SITUS WATUPATOK, SEJARAH PACITAN YANG TERLUPAKAN DAN DILUPAKAN
Judul |
: |
SITUS WATUPATOK, SEJARAH PACITAN YANG
TERLUPAKAN DAN DILUPAKAN |
ISBN |
: |
|
Penulis |
: |
Dr. Agoes
Hendriyanto, S.P.,M.Pd Djohan
Perwiranto, S.Pd, MSI Amat Taufan,
S.Sos |
Penyunting |
: |
Muhamad Rafid
Romadhoni |
Tata letak |
: |
Tim KPSB
Pacitan |
halaman |
: |
86 |
Ukuran kertas |
: |
Unesco 16x24 |
Harga |
: |
35000 |
Penerbit |
: |
CV. Nata Karya |
Sinopsis |
: |
Bismillah Elingosiro, Engsun Lan Niro Kabeh
Ojo Lali Lan Nglali. Alang-Alang Dudu Aling-Alingmargahing Kautama Buku ini menyoroti pentingnya Situs Watupatok
sebagai warisan budaya dan sejarah yang vital bagi Kabupaten Pacitan, Jawa
Timur. Penulis menyadari bahwa buku ini jauh dari sempurna dan mengajak
peneliti lain untuk melanjutkan upaya menemukan bukti baru terkait situs ini.
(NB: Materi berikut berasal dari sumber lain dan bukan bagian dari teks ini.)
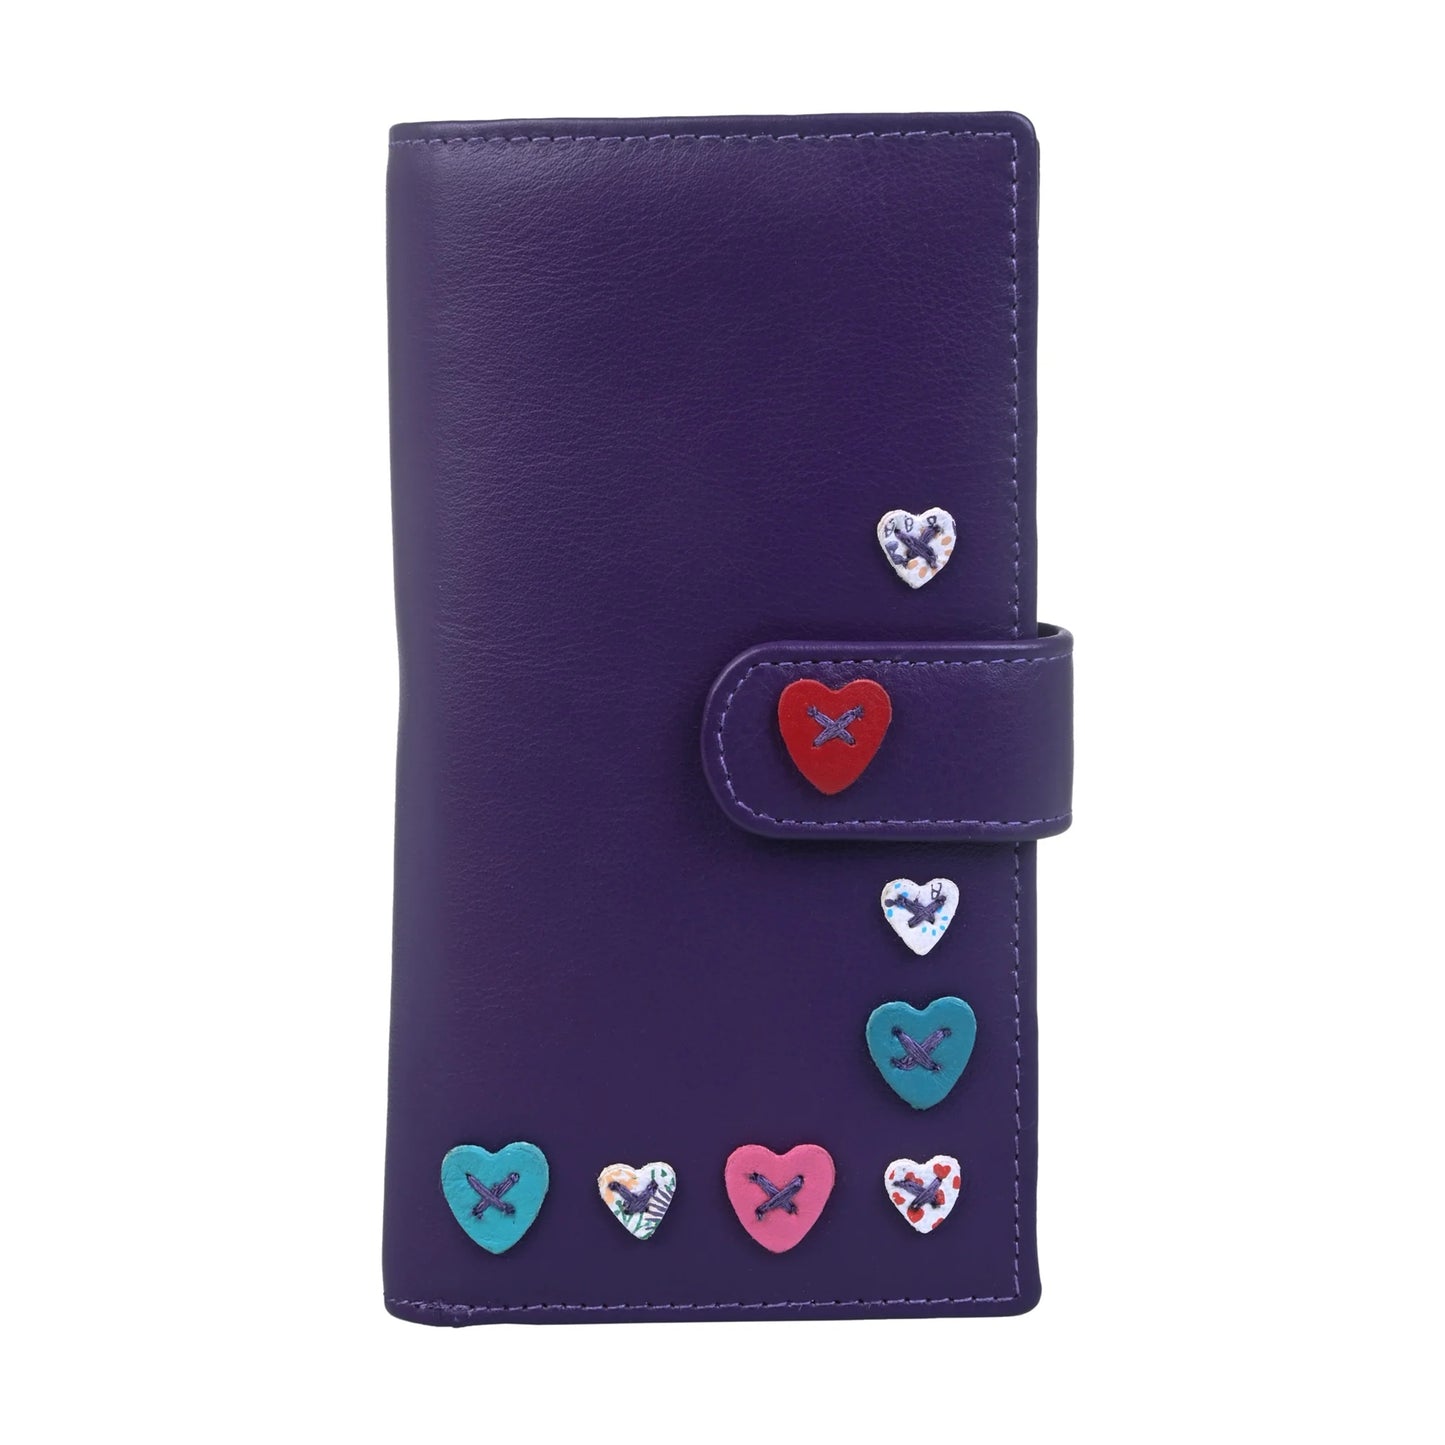 Lucy Large Tri Fold Leather Purse - Purple

Terutama karena wilayah Watupatok rawan tanah longsor yang bisa menimbun
benda-benda cagar budaya bernilai sejarah. Kurangnya juru pelihara juga
menyebabkan banyak benda bersejarah di situs ini hilang atau rusak. Situs Watupatok, yang terletak di Desa
Watupatok, Kecamatan Bandar, merupakan bagian dari bentang Pegunungan Sewu
yang kaya akan sejarah dan budaya. Situs ini menjadi saksi bisu perjalanan
panjang sejarah Pacitan, di mana prasasti-prasasti dari masa pemerintahan
Raja Dyah Balitung Watukura memberikan informasi berharga tentang masa lalu.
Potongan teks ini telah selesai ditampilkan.